| TASK BRIEF |
Nothing but the lines from the one with "Acrylic Nails Designs" through the end of the data should be set down, each exactly as written, and no picture should be included.

| GIVEN MATERIAL |
══════════

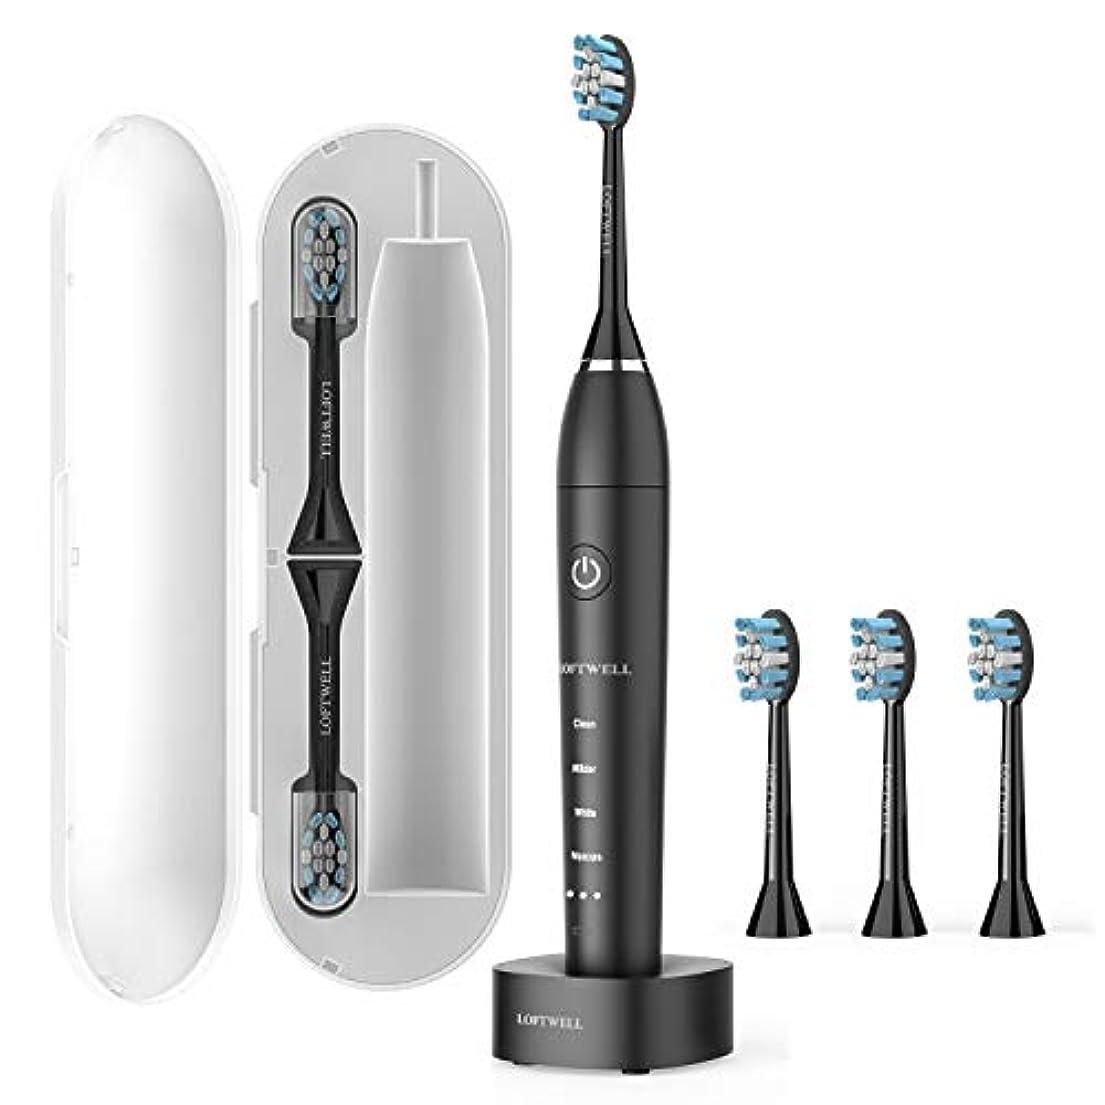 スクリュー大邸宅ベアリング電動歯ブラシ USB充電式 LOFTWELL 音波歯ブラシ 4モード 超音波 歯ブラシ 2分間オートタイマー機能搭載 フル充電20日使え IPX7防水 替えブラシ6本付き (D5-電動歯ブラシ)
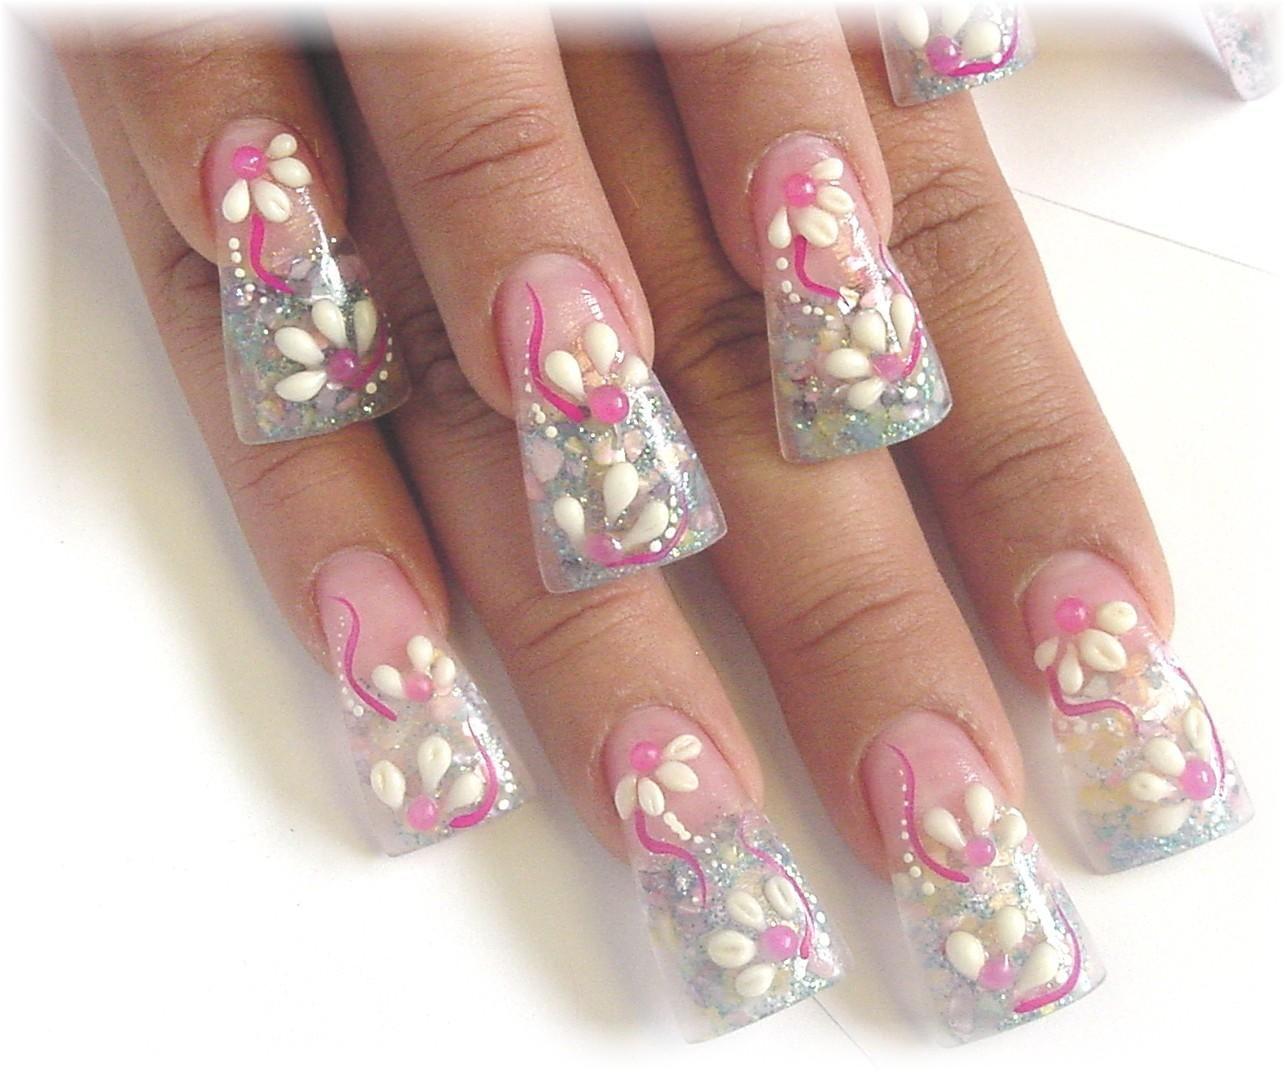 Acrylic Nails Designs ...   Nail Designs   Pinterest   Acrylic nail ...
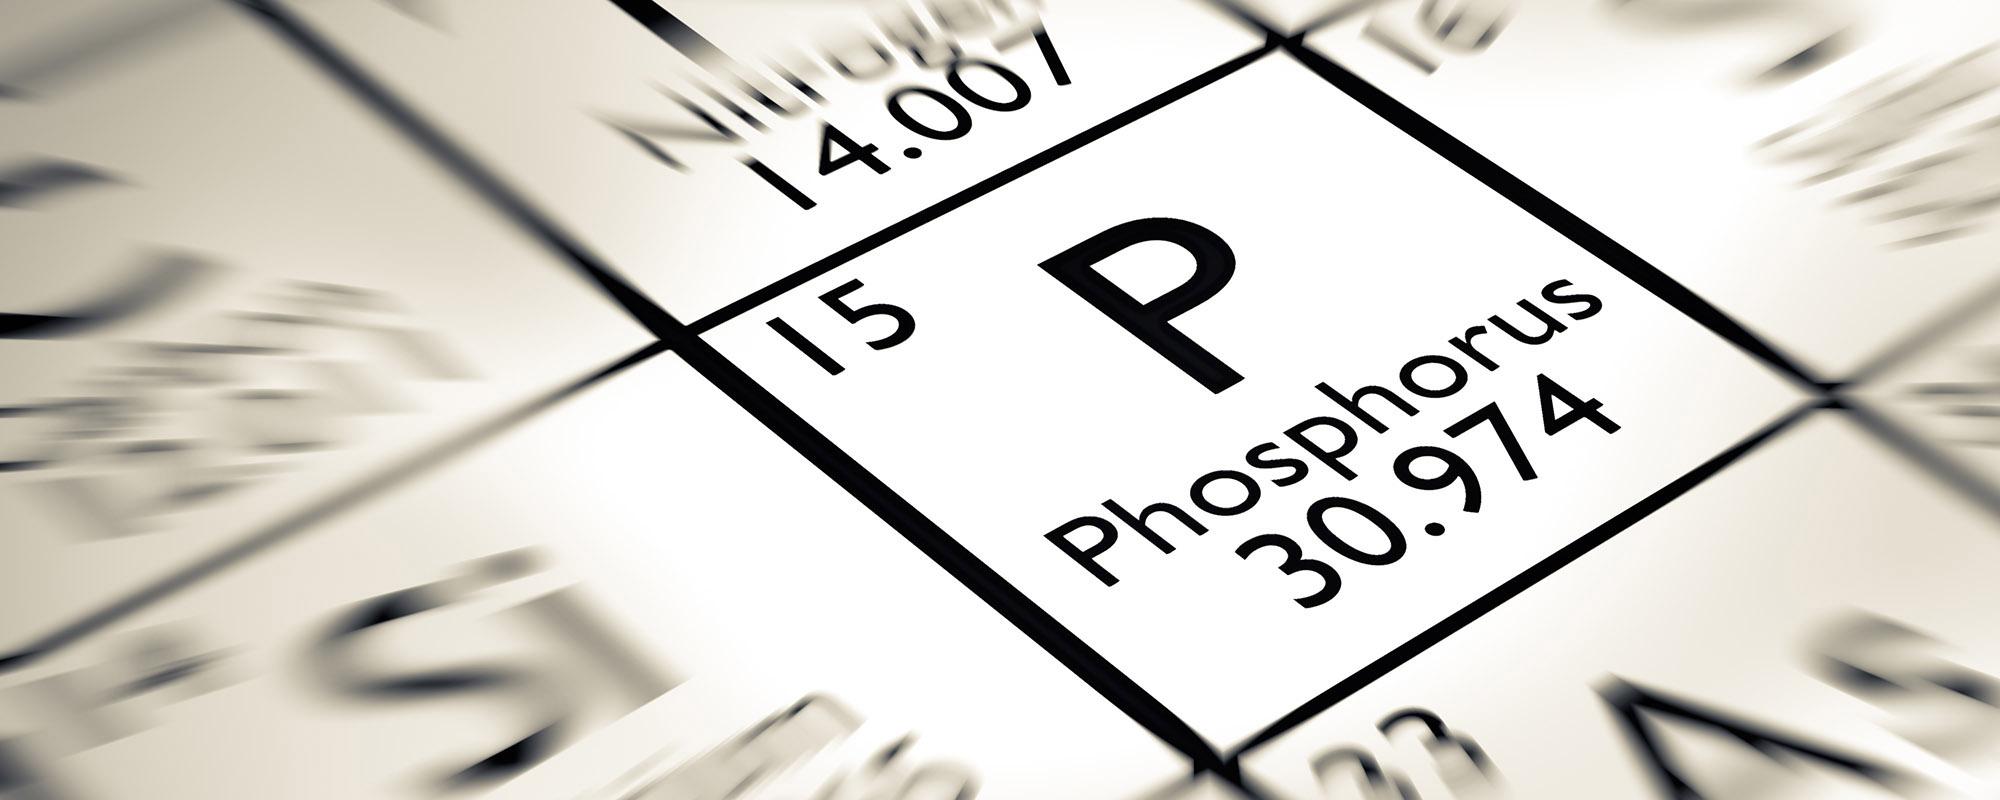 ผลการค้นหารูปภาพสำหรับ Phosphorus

══════════

| YOUR RESPONSE |
 Acrylic Nails Designs ...   Nail Designs   Pinterest   Acrylic nail ...
 ผลการค้นหารูปภาพสำหรับ Phosphorus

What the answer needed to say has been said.